Mithilfe eines (oft minimalinvasiven) chirurgischen Eingriffs lässt sich der Spinalkanal erweitern, sodass die eingeengten Nerven vom Druck entlastet werden. Zu den häufigsten Operationsmethoden zählt dabei die sogenannte knöcherne Dekompression. Dazu werden Bänder und Knochenteile entfernt, welche die Wirbelkanalverengung verursachen.
Die Dekompression kann mit einer Versteifung kombiniert werden, wenn sich die Wirbel zusätzlich gegeneinander verschieben oder aus ihrer ursprünglichen Position gerutscht sind (Wirbelgleiten). Bei der Versteifungs-OP werden mehrere Wirbelkörper fest in ihrer Position fixiert, etwa mit Schrauben oder Platzhaltern.
Vorteile einer OP überwiegen nicht
Das Für und Wider einer OP sollte vorab genau abgewogen werden. Eine Rolle spielen etwa das Alter und gesundheitliche Voraussetzungen, aber auch persönliche Erwartungen und Hoffnungen an das Operationsergebnis. Im Zweifel ist es sinnvoll, sich vor der Entscheidung eine zweite ärztliche Meinung einzuholen.
Insgesamt liegen nur wenige Studien vor, welche untersucht haben, ob eine Operation die Krankheitsbeschwerden besser lindert als konservative Maßnahmen. Dabei zeigen die Untersuchungen widersprüchliche Ergebnisse. Generell scheinen die Vorteile einer OP jedoch bei einer relevanten (neurologische Ausfälle, wie Lähmungen oder Blasen- und Mastdarmstörungen) oder fehlendem Ansprechen auf konservative Maßnahmen zu überwiegen. So lassen etwa Beinschmerzen bei Erkrankten, die operiert wurden, häufig nach. Insgesamt hebt sich dieser Vorteil gegenüber der konservativen Therapie nach vier bis acht Jahren aber wieder auf.

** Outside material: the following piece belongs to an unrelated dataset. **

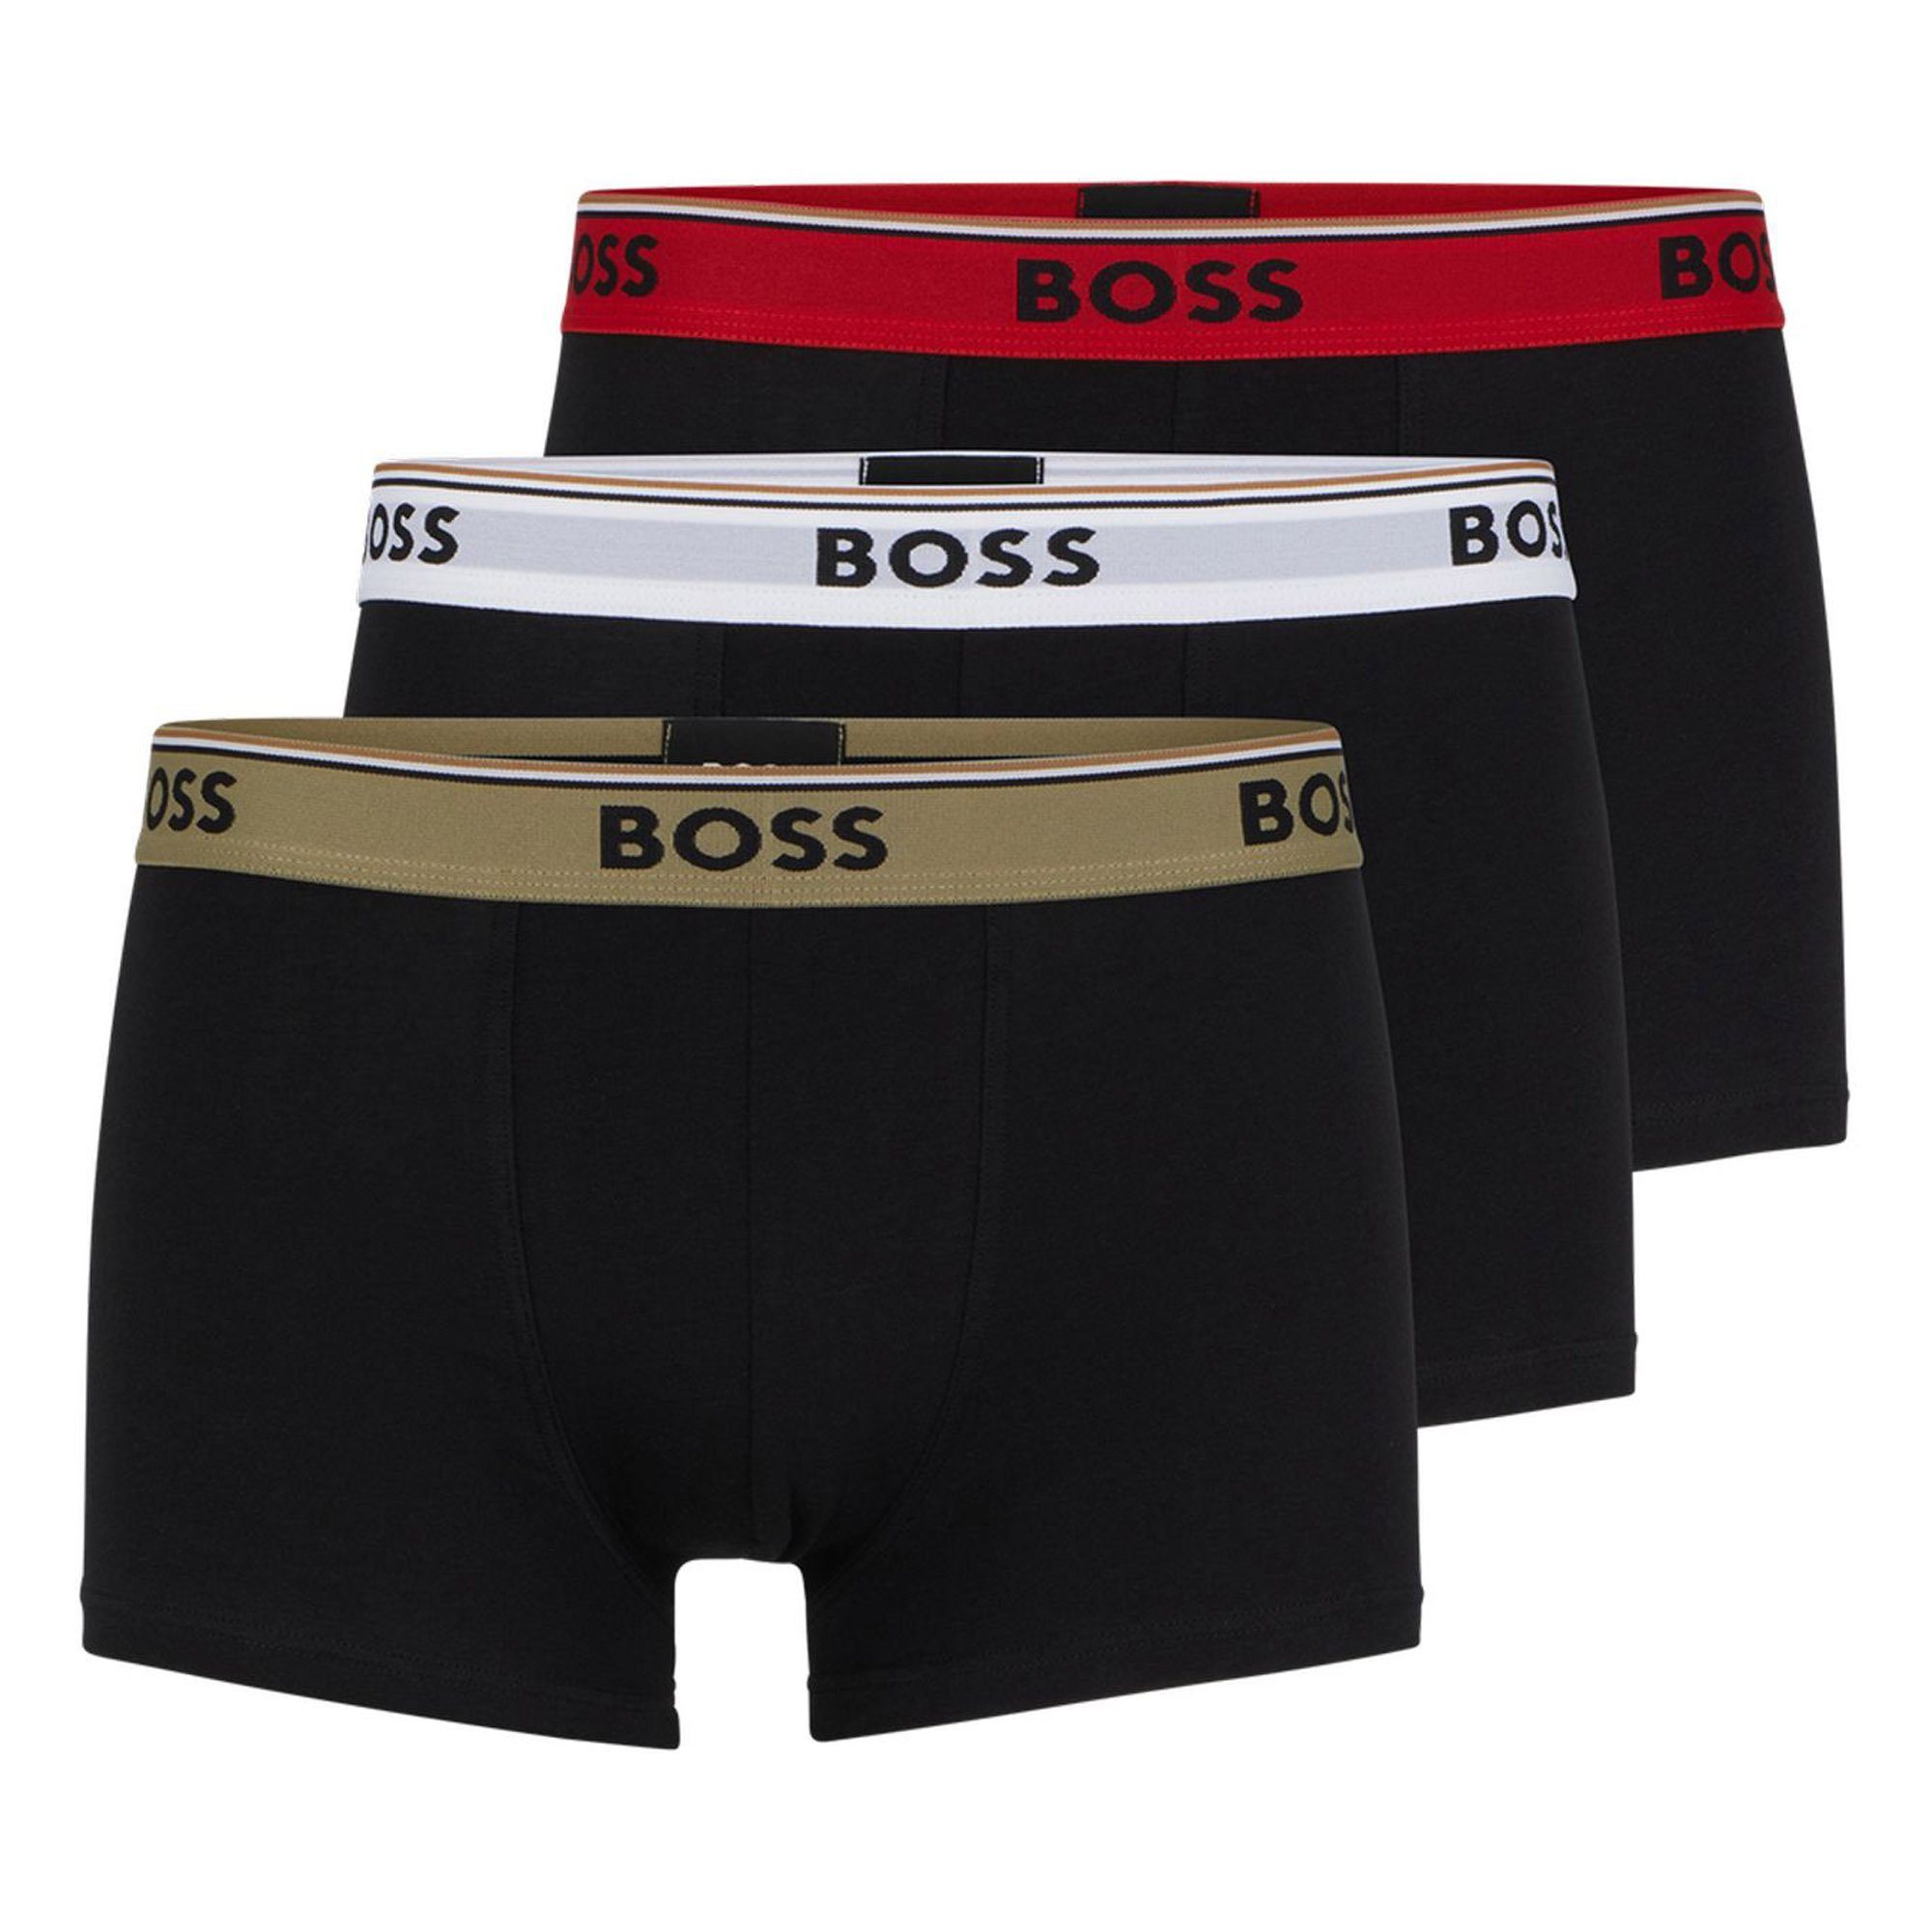 BOSS Boxer Herren Trunks, 3er Pack - Power, Unterwäsche Schwarz/Olive/Rot/Weiß

Diagnose: Wie wird eine Spinalkanalstenose festgestellt?
Bei einer Spinalkanalstenose geben in der Regel bereits die Beschwerden erste Hinweise auf die Diagnose. Um herauszufinden, ob diese wirklich die Ursache der Beschwerden ist, erfolgt in der Arztpraxis beziehungsweise Klinik eine Befragung zur Krankengeschichte.
Im Anschluss findet eine körperliche Untersuchung, bei welcher etwa Reflexe, Muskelkraft und Bewegungsabläufe geprüft werden.

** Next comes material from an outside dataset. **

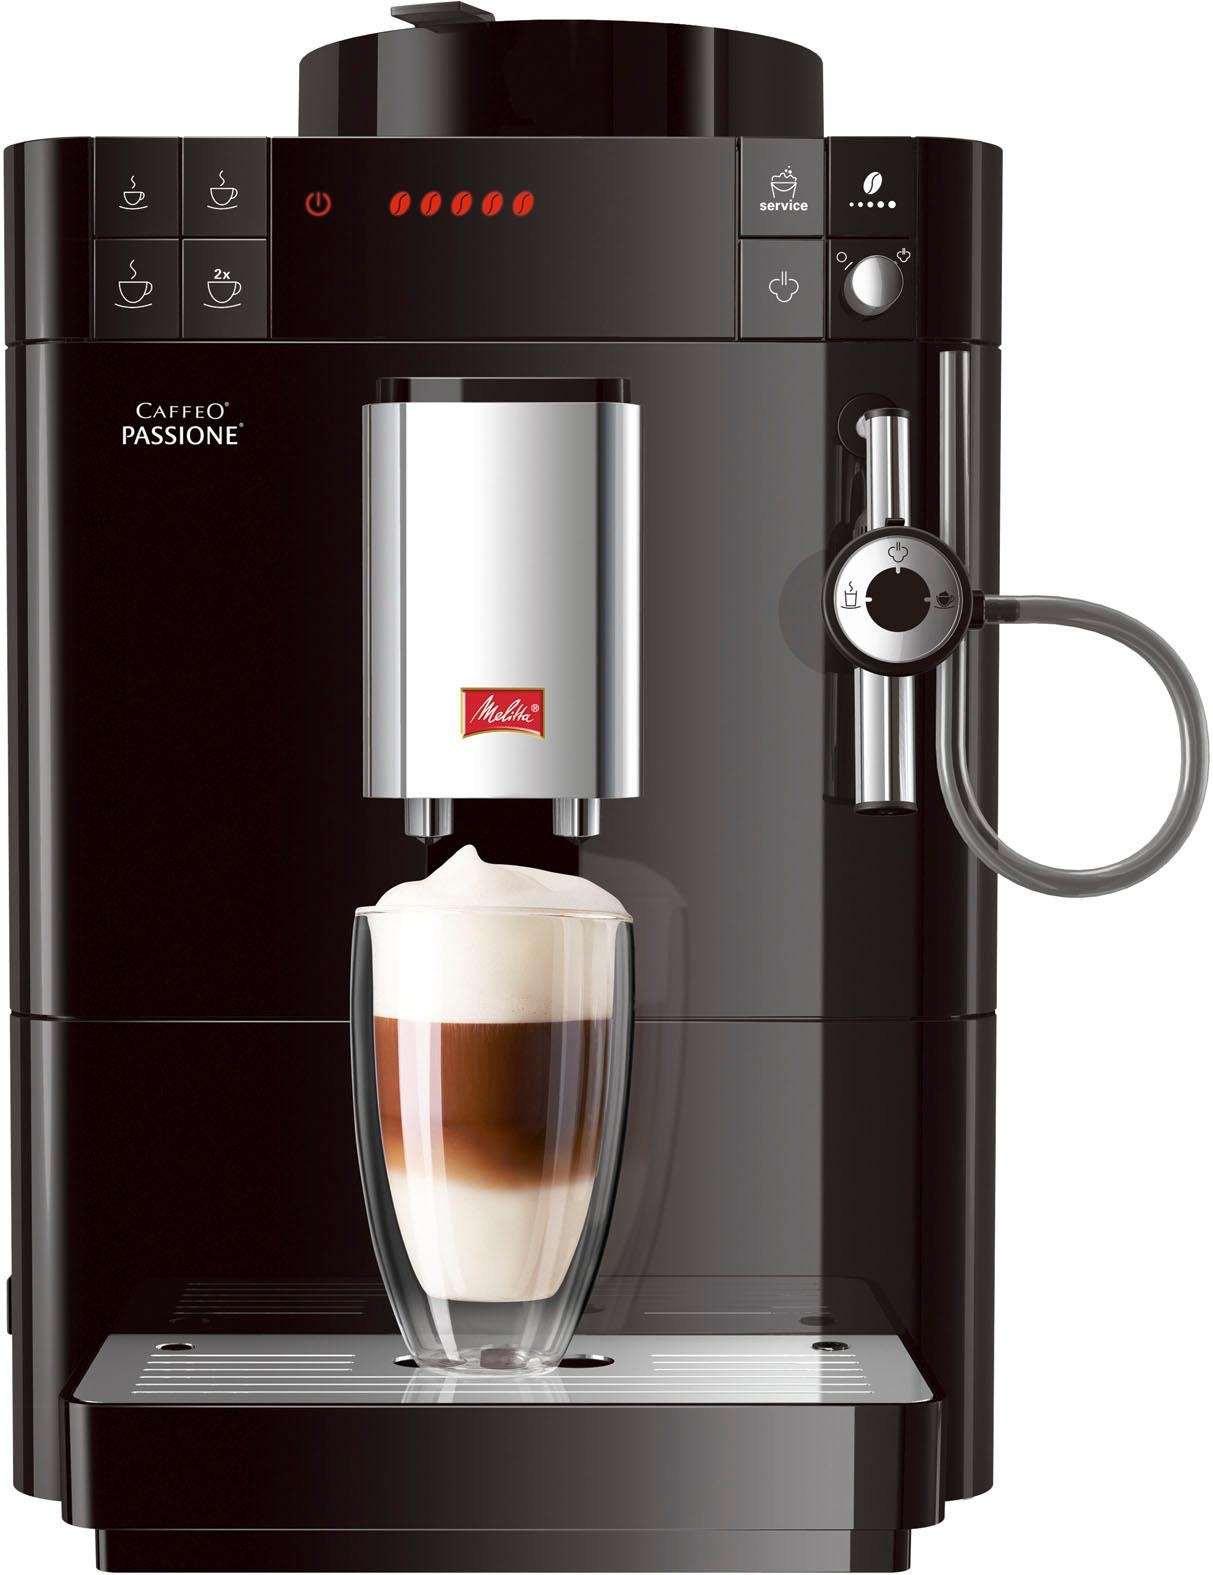 & Service-Taste OTTO bestellen Melitta jetzt gemahlen, bei F53/0-102 frisch für Entkalkung Tassengenau schwarz«, »Passione® Kaffeevollautomat Reinigung

Verschiedene Untersuchungen können bei der Diagnosefindung helfen, wie etwa
- Kernspintomographie (MRT)
- Computertomographie (CT)
- Röntgenaufnahme
- eine Sensibilitätsprüfung, um die Reizwahrnehmung im betroffenen Bereich zu testen
- eine Elektromyographie, um die Reizleitung in den Rückenmarksnerven zu prüfen
- eine Knochenszintigraphie, um Schäden oder Gewebezuwachs innerhalb der Wirbelsäule festzustellen
Hinweis: Bei MRT- oder CT-Aufnahmen werden relativ häufig Verengungen des Wirbelsäulenkanals als Zufallsbefund festgestellt (insbesondere bei älteren Menschen im LWS-Bereich), ohne dass diese mit Beschwerden verbunden sind. Der Befund an sich hat ohne Beschwerden jedoch keinen Krankheitswert.

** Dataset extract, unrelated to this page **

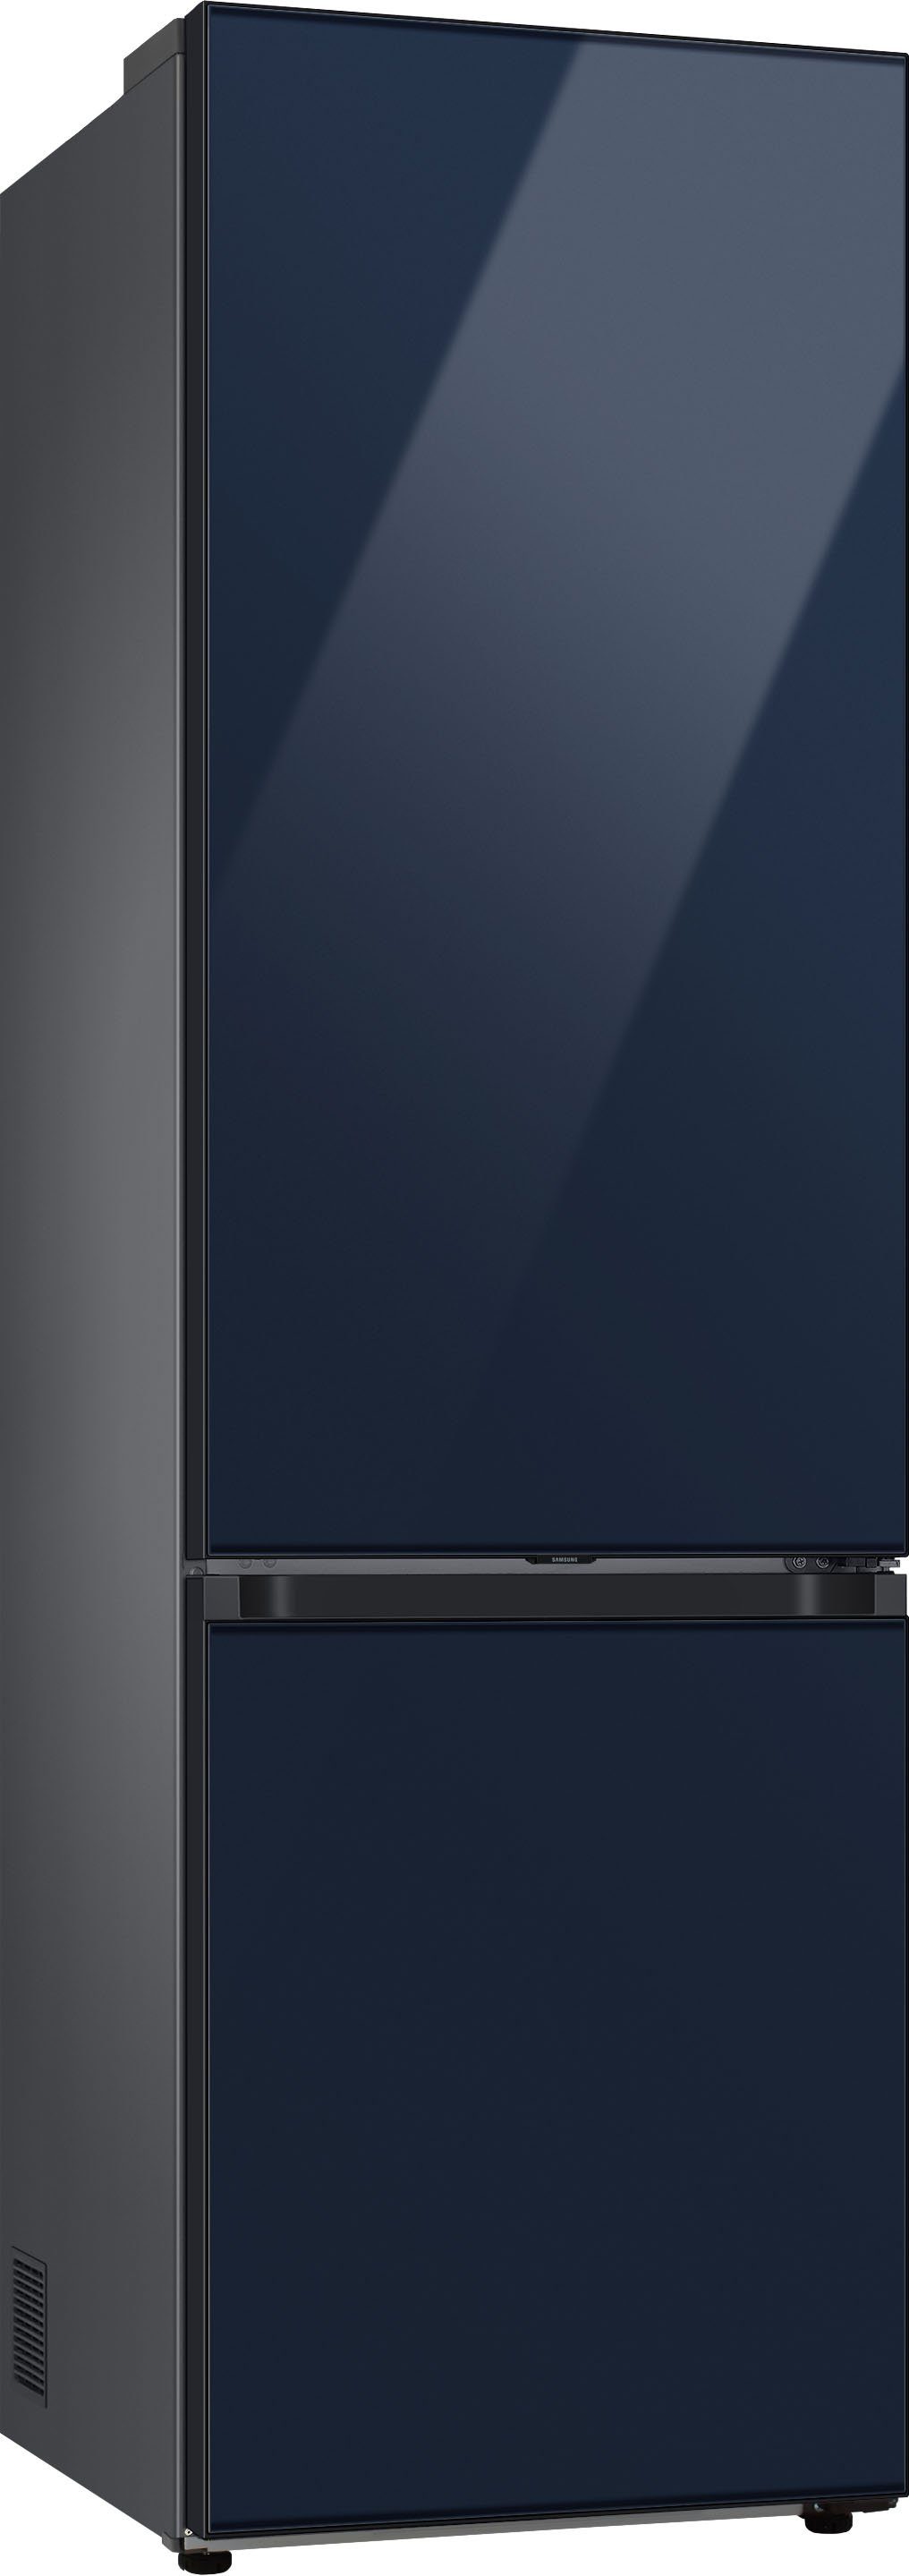 Samsung hoch, cm RL38A6B6C41, 203 cm breit 59,5 Bespoke Kühl-/Gefrierkombination

Verlauf und Prognose bei Spinalkanalstenose
Je nach Ausmaß der Erkrankung kann eine Spinalkanalstenose den Alltag und die Lebensqualität stark einschränken. Mit der richtigen Behandlung lassen sich die Schmerzen und anderen Beschwerden jedoch in der Regel lindern. Auf diese Weise gelingt es vielen Betroffenen, dennoch ein aktives Leben zu führen und (angepasst) körperlich aktiv zu bleiben. Heilbar im eigentlichen Sinne ist eine Spinalkanalstenose bislang nicht.
Eine schwache Körpermuskulatur kann die Stabilität der Wirbelsäule beeinträchtigen und Beschwerden dadurch verstärken. Deshalb ist es wichtig, körperliche Aktivitäten nicht aufzugeben, sondern sie an die eigenen Beschwerden anzupassen. Tätigkeiten oder Sportarten, die Beschwerden auslösen oder diese verschlimmern, darf und sollte man also durchaus meiden – sollte aber dafür auf Alternativen ausweichen. Im Zweifel ist ärztlich abzuklären, welche Bewegungsformen ratsam sind.